What is the difference between covered and uncovered interest rate parity?

Covered parity assumes you hedge the currency exposure with a forward contract at the moment you enter the position. The interest rate differential must then be exactly reflected in the forward rate, otherwise a risk-free arbitrage appears that the market closes almost instantly — which is why this version holds quite well in practice. Uncovered parity assumes no hedge at all and rests on the mere expectation that the higher-yielding currency will weaken enough to erase the rate advantage. That expectation has historically failed, which is why the uncovered version is more of a hypothesis about expectations than a hard pricing rule.

Where do the swap points I pay or receive come from?

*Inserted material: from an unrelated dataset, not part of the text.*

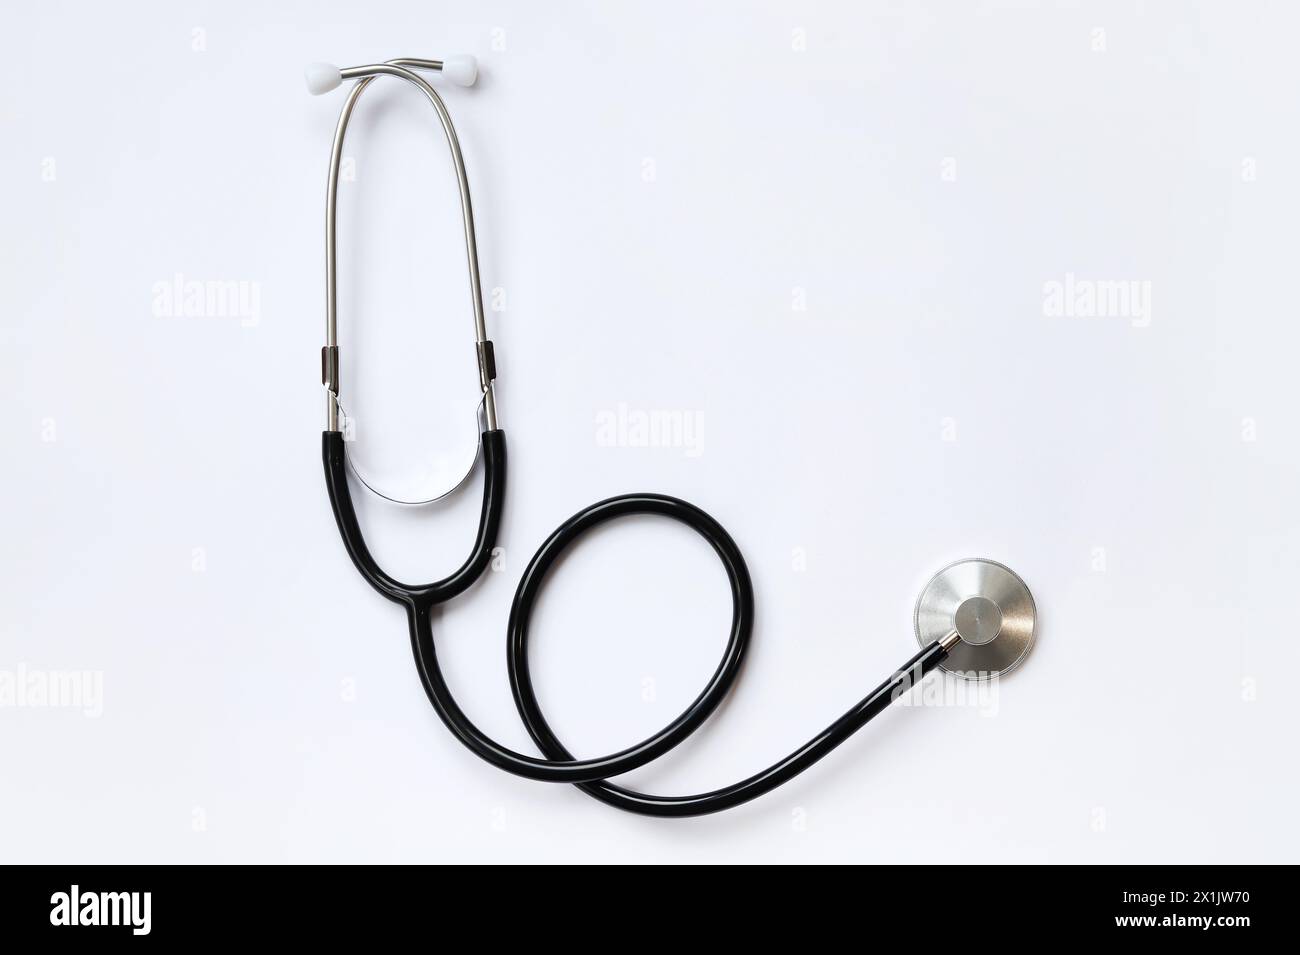 Stethoscope on a white background, top view. Medical instrument. Cardiology and medicine concept, healthcare. Auscultation device Stock Photo

A swap point is the daily adjustment to your position value for holding it overnight, and it follows directly from the interest rate differential between the two currencies in the pair, adjusted by the broker margin. If you buy the higher-yielding currency against the lower-yielding one, in theory you should receive a positive point; in the opposite direction you pay. This is exactly the same rate-differential mechanism that interest rate parity describes — except the broker charges it as a daily cash flow on the account rather than through the forward rate. In practice the broker margin and the swaps market mean the point you actually receive is lower than the raw rate differential would suggest.

Why is a positive carry-trade swap not free money?

Because alongside the positive swap you take on currency risk that uncovered parity does not price, and that risk can wipe out a year of cash flows in a single day. A carry trade earns slowly and steadily while the market is calm, but in a sudden flight from risk the high-yield currency usually drops sharply — the so-called carry crash. The classic example is pairs with the Japanese yen, the funding currency for many carry strategies: when sentiment reverses, the yen strengthens abruptly. Treat a positive swap as a premium for the risk you take on, not as a free annuity — the strategy can make sense, but it needs risk management like any other.

Is interest rate parity useful to a retail investor?

Yes, but not as a tool for forecasting the rate — rather as a mental model that organises your intuition. Parity explains why the forward market discounts the higher-yielding currency and where exactly the swap points on your account come from, and that knowledge saves you from naively thinking a higher rate automatically means profit. The second practical benefit is healthy scepticism toward strategies built solely on the rate differential: if even covered parity could drift apart after 2008, and the uncovered version fails regularly, then no carry strategy is a sure thing. For a retail trader parity is therefore more a lesson in humility than a ready-made trading signal.